Extract a Directory From a Git Branch/Repository Preserving The History

At work we wanted to extract from a branch a subdirectory containing a specific feature that had to be used from everyone in the team.

Just for sake of example, let's define the terms of our problem. Our repository (MAIN) structure looks like:


Our goal is to extract the libA contained in the branch FTR-B in its own branch called FTR-A.

If you are not interested in preserving the history the task is quite easy. Git checkout is our friend in this case.

$ git checkout master
$ git checkout -b FTR-A
$ git checkout FTR-B Library/libA
$ git commit -a -m "Extract libA"
$ git push

More complicated is the case in which preserving the history is a matter of importance. For God's sake git has a powerful command git filter-branch. The following are my notes and observations, for pleasing my poor memory.

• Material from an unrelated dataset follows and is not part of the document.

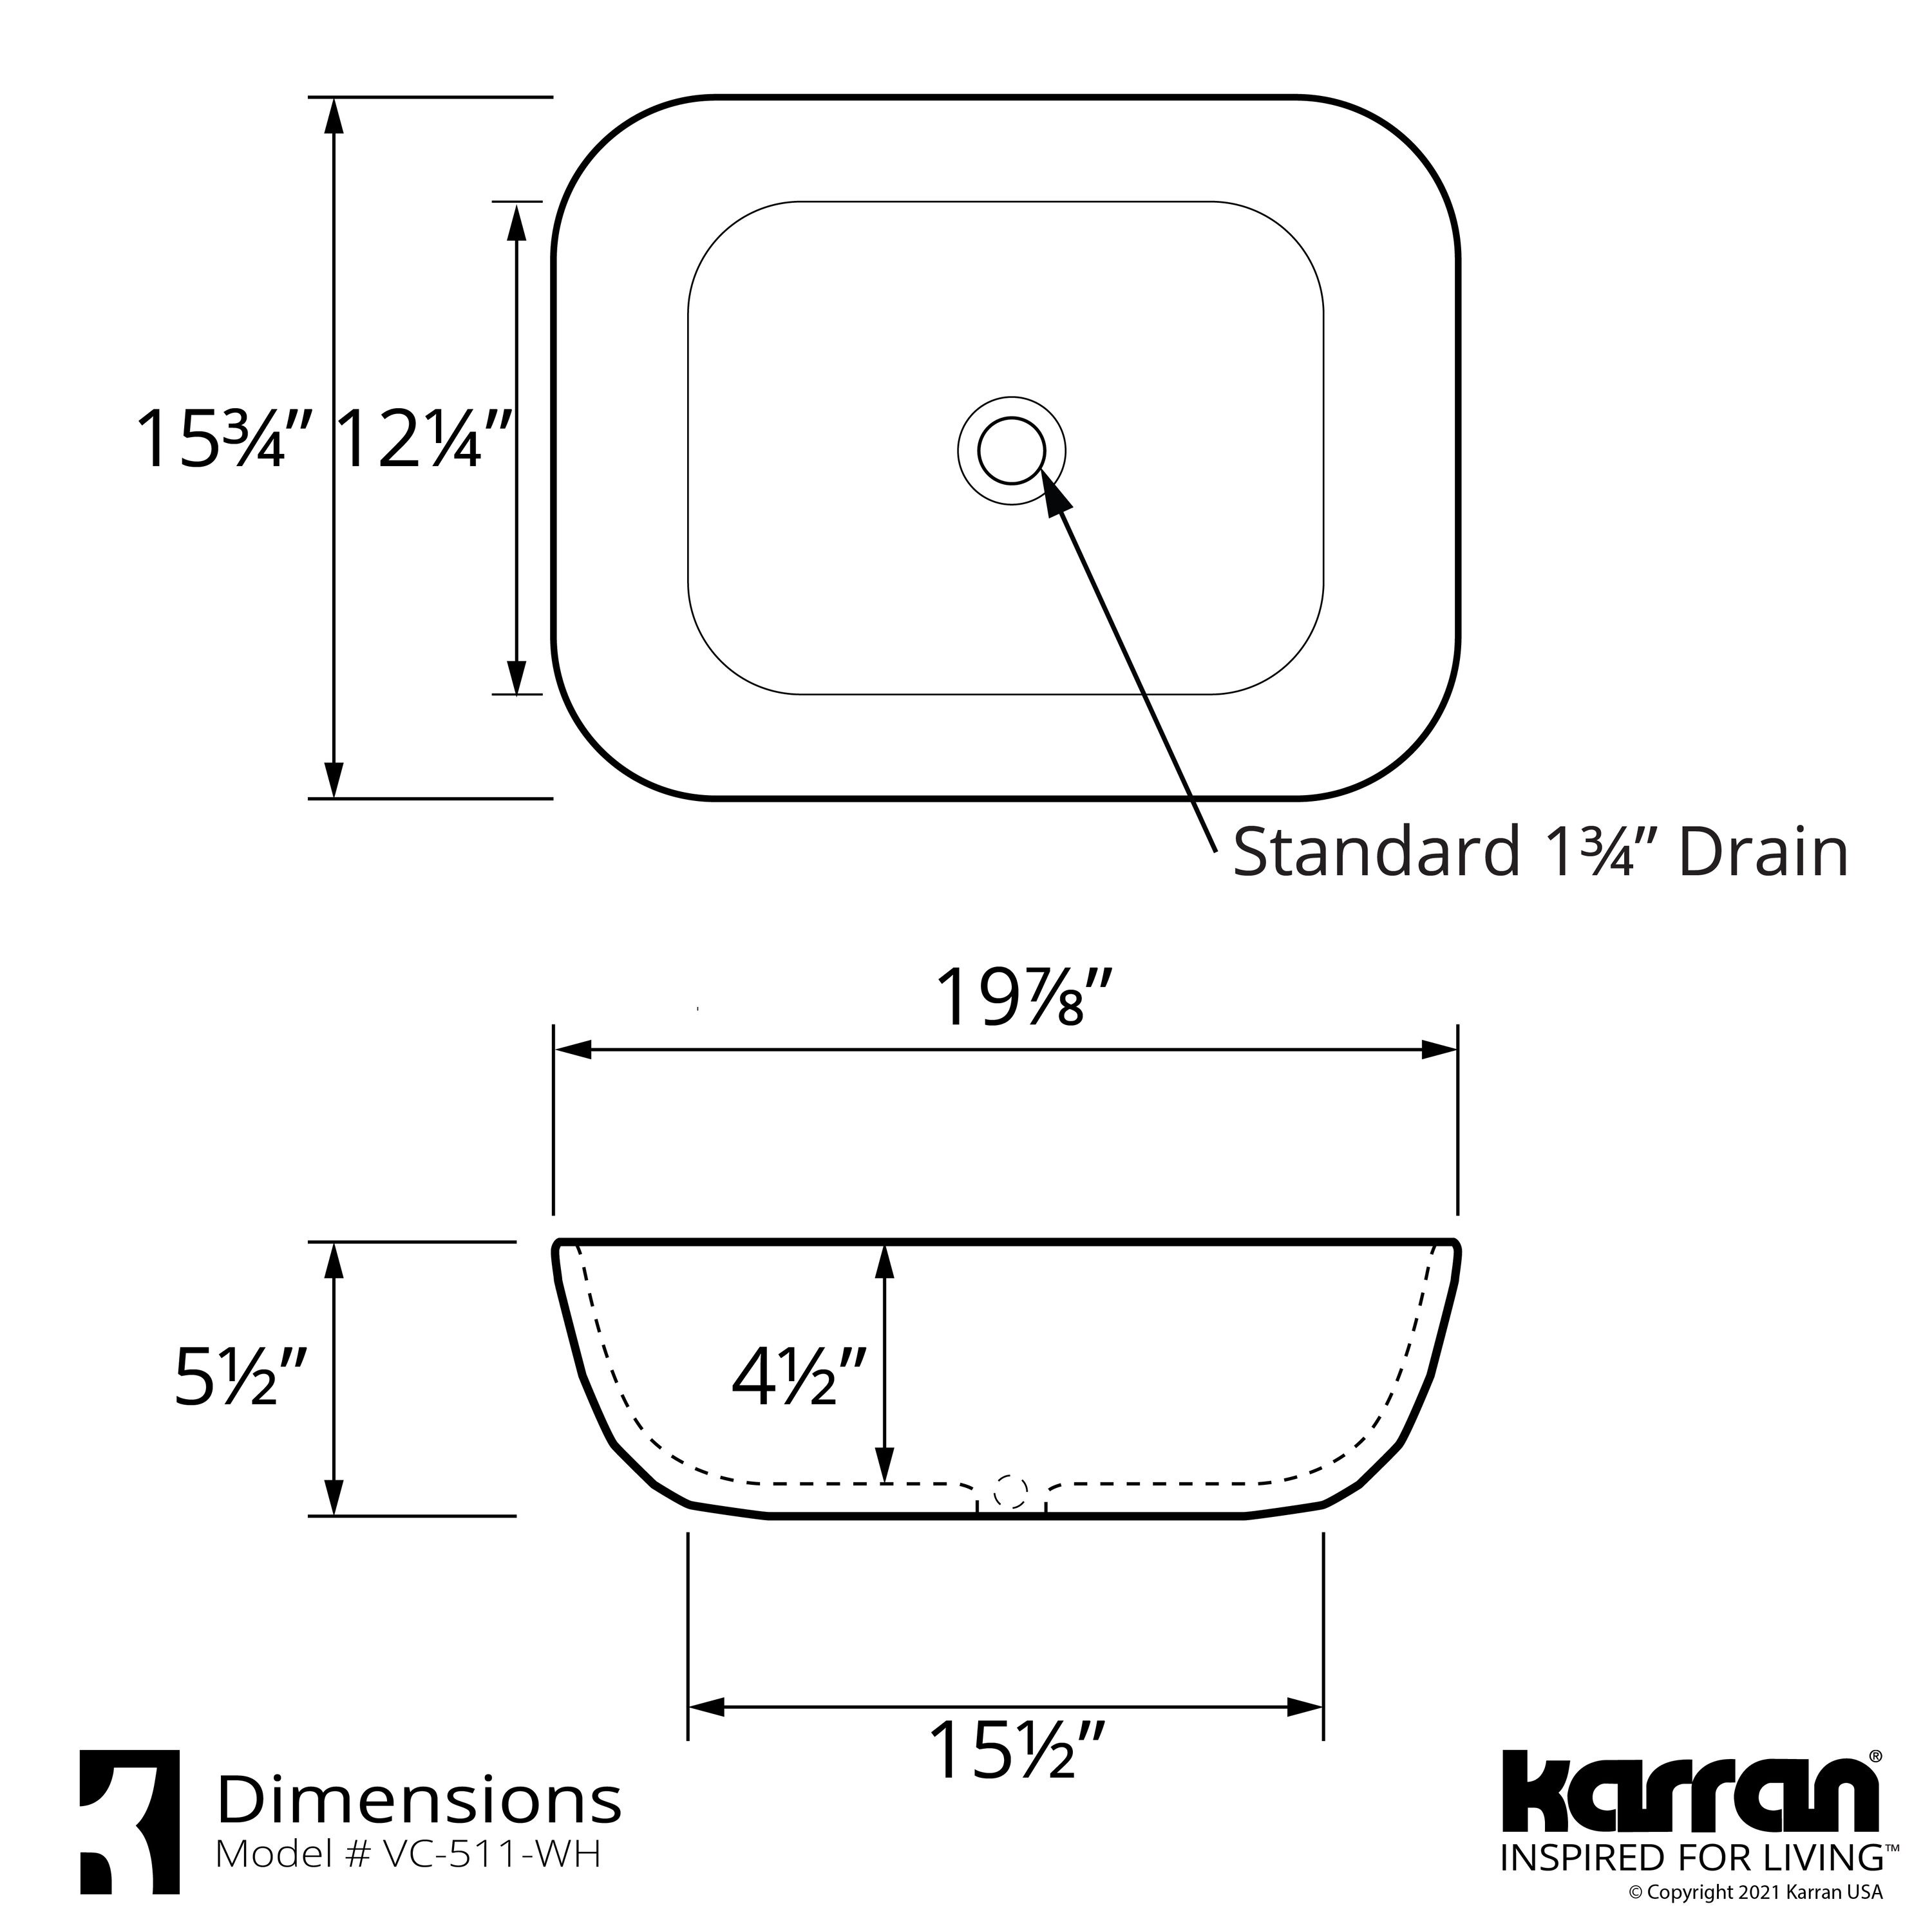 Karran Valera White/Glossy Vessel Rectangular Modern Bathroom Sink (19.875-in x 15.75-in)

  • Clone the local repository into a temporary repository DIRTY.
$ git clone ~/MAIN/ ~/DIRTY/
$ cd DIRTY
$ git checkout FTR-B
  • Remove everything except the desired subdirectory ( libA ).
$ git filter-branch --prune-empty --tree-filter 'rm -rf Library/libB Library/libC'

Basically, Git filter-branch executes a command on each commit in a specific branch. Instead of the option tree-filter you could have used subdirectory-filter that removes everything except the desired directory moving it up to the root project. I will explain it better in another post.

  • Clean all the cruft
$ git gc --aggressive
  • Merge the new feature in its own branch FTR-A.
$ cd ~/MAIN
$ git remote add dirty ~/DIRTY
$ git fetch dirty
$ git branch dirty remotes/tools/FTR-B
$ git checkout master
$ git checkout -b FTR-A
$ git merge dirty
$ git remote rm dirty
  • Create a pull request